Now choose what you will grow
flora, fruit, or even herbs – but hurry!
While your lungs are young and fertile
plant your garden; plant your seeds
these little insights everywhere!
Sprinkle or bury them in ink and on paper and
you’ll thank yourself tomorrow
for the seeds you sow right now
Remember, your poem may grow to move mountains
and maybe the mountain is you
4.
Nurture what you’ve made
Meet your seedling’s keenest needs:
thirsting for water, longing for light
It needn’t take much, but the impact is vast
Tend tenderly yourself as well
for you also are worthy of nourishing
A little goes a long long way
drink water; take your meds
And when you cannot face the great white wall
of blank pages, take a walk
5.
Not all buds will blossom
not every branch will bear fruit
the most prudent among us keep pruning shears
close to them, willing to cut what they must
This might just be the hardest part, love
to sever the things that don’t serve you
that never deserved you, that stunt your growth
to do what you know is best for the both of you
Yes, kill your darlings, dear, just not all of them
and give them a beautiful wake
6.
Reap the season’s yield
paltry or plentiful, sickle and scythe
with a tithe set aside for the ancients and old gods,
and enough left to last through the cold, for the lucky ones
Bless the sweat of your brow
Exalt your aching bones, your calloused hands
Lay the glory of all of the fruits of your labor at table
with places for each of your friends for the feast
And tuck all their love into jars in your larder
kept safely to sow into poems come spring
GRANDMOTHER SPRUCE
A tree fell in the woods, and I am six hundred years too late
to hear the sound she made; but I have heard the spines
of pine trees break enough times now to almost understand.

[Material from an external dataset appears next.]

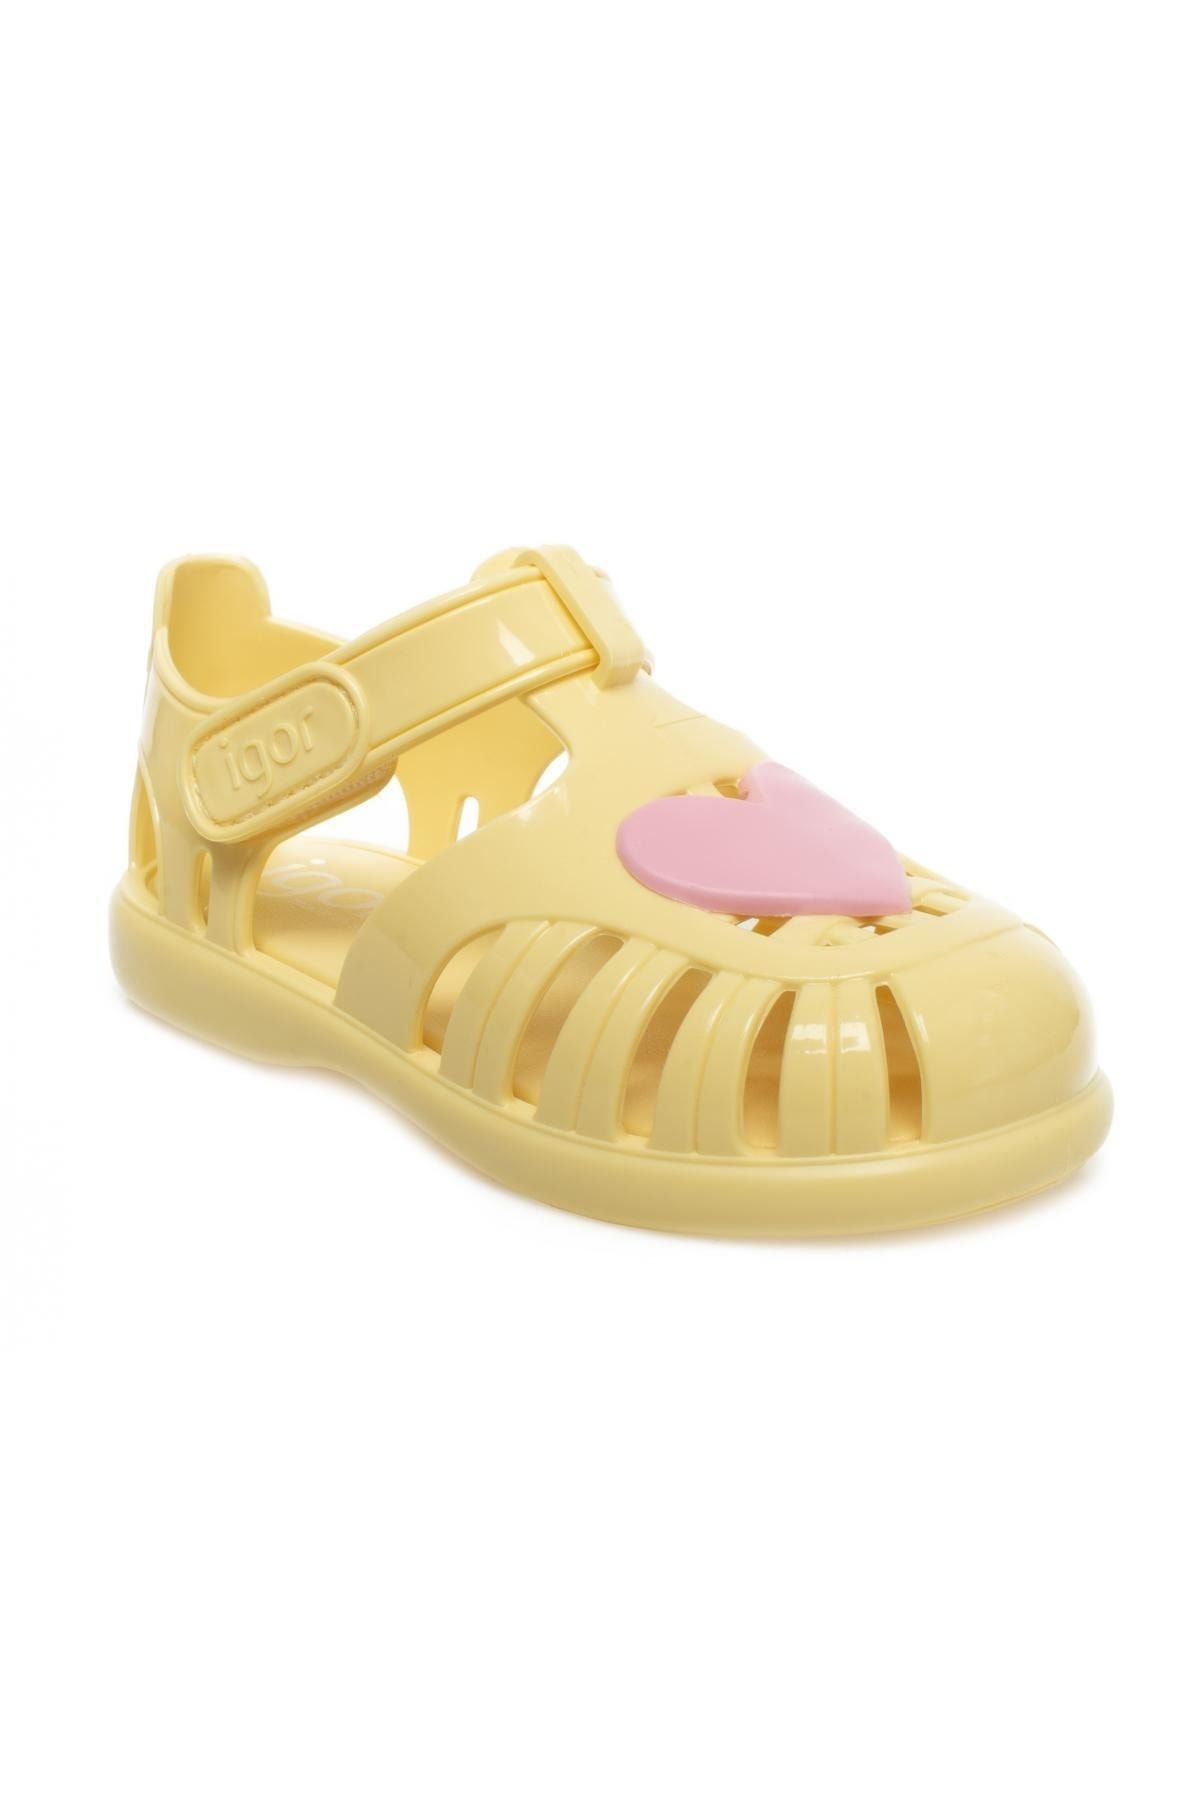 IGOR S10310 Tobby Gloss Love Sarı Çocuk Sandalet

She watched six hundred hunter moons grow full, ripen and empty
while she lay this way, with roots exposed, outstretched on forest floor
before a cone-kin found the hollow of her throat and sprouted.
The first of them to fall bore up the smaller: named herself ‘nurse’
and called the other ‘daughter’. Ring by ring, six hundred springs,
the seedling grew, each root enfolding, holding on as sapling waxed
and mother waned, decayed; and all that remains
is a giant that stood on the back of the giant before her
and the space underneath where the nurse-ghost is;
space just enough for one little poet to sit and play seed in,
to metaphor herself into the story, six centuries of spruce above,
six hundred years too late.
Six feet away stands my grandmother: half-ghost, snow-peaked,
fingers laced behind her, eyes upturned like midday daisies,
smile uncurling like ferns. She turns to me:
barley moon, blooming, a cone of my own caught in my throat.
She says of the ancient pair, “I wonder which one I am,”
and a twig snaps somewhere deep in the rings of my ribcage.
She is the giant who bore up the giant who bore me,
who bear up my own. She is a whole forest of old growth;
that is the size of the space she will leave when she’s gone.